9 Juin 20235 Juin 2023 / Christian Nguembou Tagne

A topological space, whose underlying set has two elements, is called the Sierpinski-space if its topology is non-discrete and non-indiscrete. In this publication, we give a necessary and sufficient condition for the continuity of a characteristic function from a topological space into the Sierpinski-space.

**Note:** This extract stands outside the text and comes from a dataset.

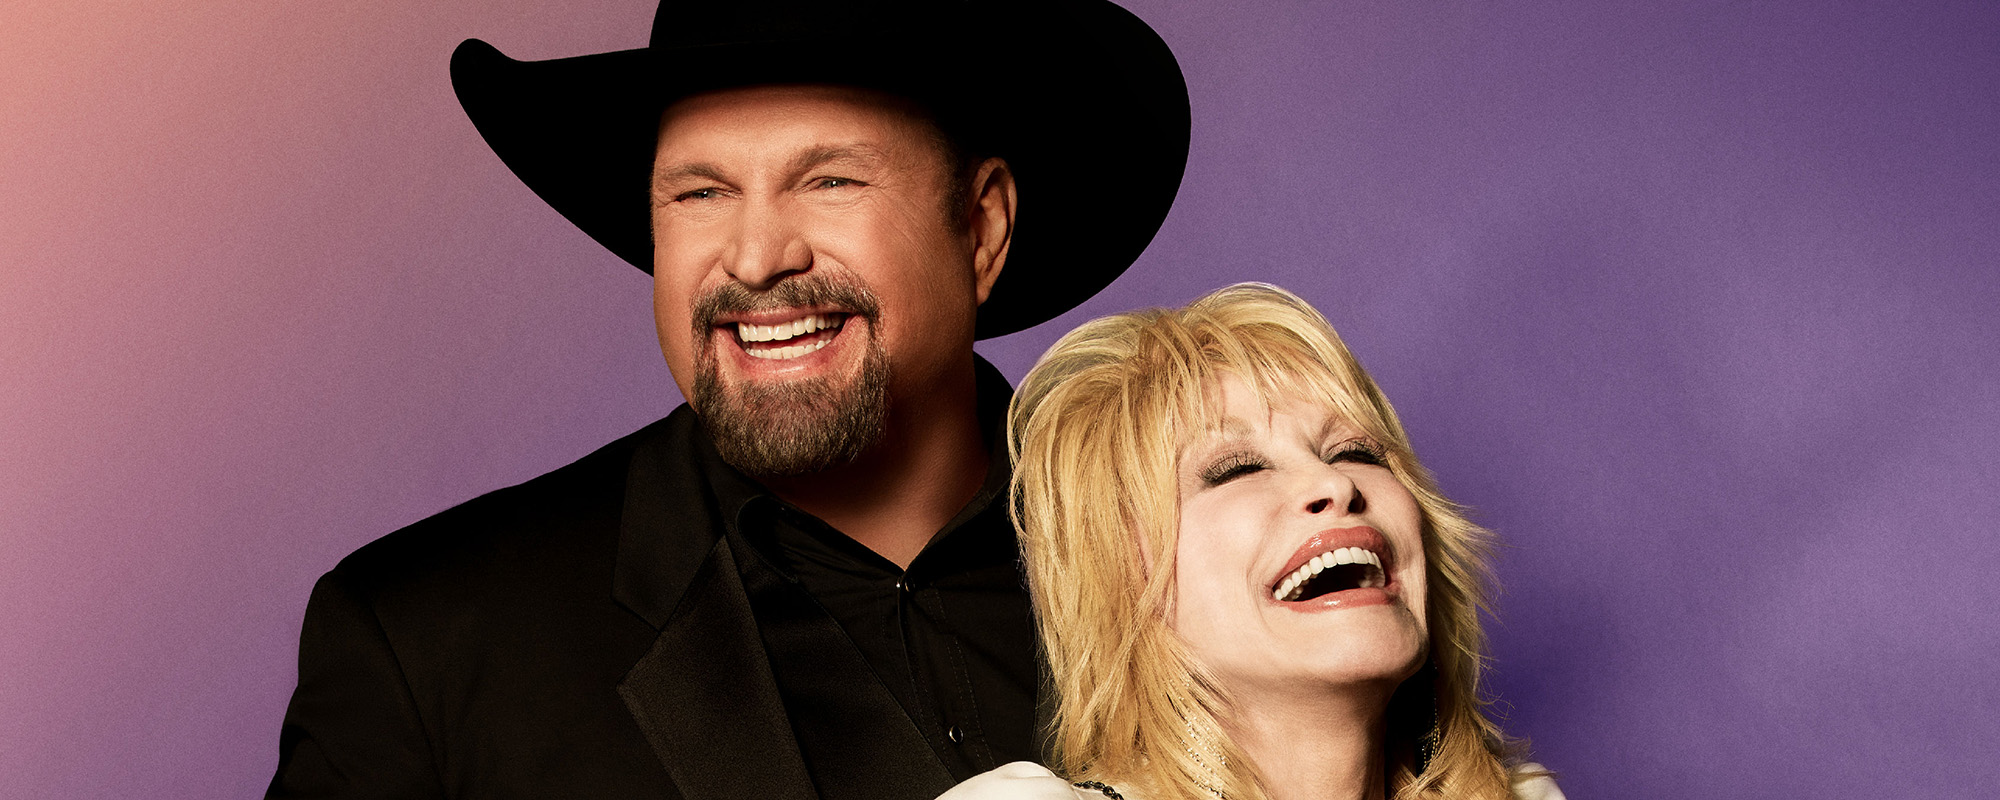 Dolly Parton and Garth Brooks Co-Hosting 2023 ACM Awards

In fact, this is our solution to an exercise outlined in a previous entry of this blog. The statement of the exercise in question is repeated here for the comfort of reading.

Exercise.

We set $2=\bigl\{0,1\bigr\}$ , and recall that the characteristic function of a subset $A$ of a set $X$ is the function denoted by $\chi_{A}$ , from $A$ into $2$ , defined by

$\chi_{A}(x)=\left\{\begin{array}{l} 1\,\text{ if }\, x\in A, \\[6pt] 0\,\text{ if }\, x\in X\setminus A.\end{array}\right.$

Verify that the function $\gamma:\mathcal{P}(X)\rightarrow 2^{X}$ , from the power set of $X$ into the set of all functions of $X$ into $2$ , given by $\gamma(A)=\chi_{A}$ , is a bijection.
Given a set $X$ and a subset $A$ of $X$ , show that the set $\mathfrak{T}=\bigl\{\emptyset, A,X\bigr\}$ is a topology on $X$ . In particular, the set $\mathfrak{A}=\bigl\{\emptyset,\{1\},2\bigr\}$ is a topology on $2$ . The topological space $(2,\mathfrak{A})$ is called the Sierpinski-space.
Let $(X,\mathfrak{O})$ be a topological space. Prove that the characteristic function $\chi_{A}:(X,\mathfrak{O})\rightarrow(2,\mathfrak{A})$ of a subset $A$ of $X$ is continuous if, and only if, $A\in\mathfrak{O}$ .